Working with Contaminated Feed

Unfortunately, once mycotoxins are formed in the plant, there is no commercial method to remove them from contaminated feeds. Harvesting and storage of contaminated crops at low moisture (less than 15 percent), along with separation of highly contaminated feeds, is important to reduce the risk of mold growth and mycotoxin production in uncontaminated grain. 
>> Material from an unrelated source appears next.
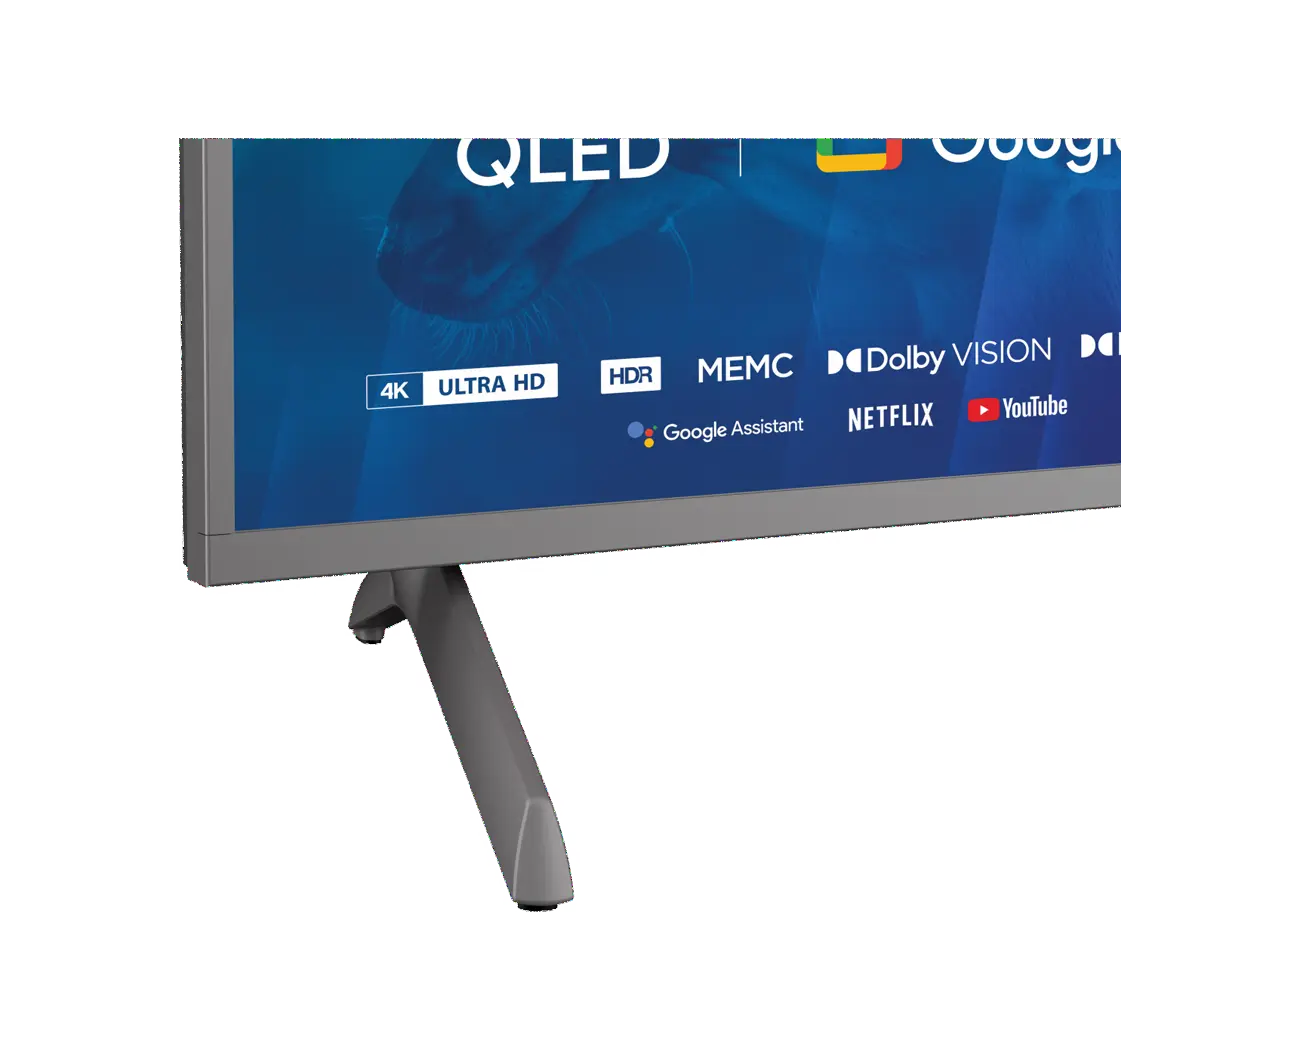 UHD 4K Google TV Blaupunkt 75QBG8000

While the European Commission has determined that adult cattle can tolerate fumonisins up to 50 parts per million (ppm) in diets, the U.S. Food and Drug Administration guidance document for fumonisin recommends a maximum concentration in the diet of feedlot cattle of 30 ppm, 15 ppm for breeding stock and 10 ppm for calves.  Furthermore, contaminated corn or corn byproducts should contribute no more than 50 percent of the diet. It is crucial to check the fumonisin level in the complete diet, as fumonisin is three times more concentrated in corn byproducts such as distillers grains and corn gluten feed, and 10 times more concentrated in corn screenings.

If contaminated feeds must be used to feed cattle, elevators may blend corn to reduce the fumonisin concentration to acceptable levels. As fumonisin is associated with reduced feed consumption, there is a concern that even low levels of fumonisin can interact with other mycotoxins, reducing the growth of calves and the weight gain of feedlot cattle. Fumonisin contamination can be especially detrimental to newly received cattle and calves, preventing them from getting off to a healthy start.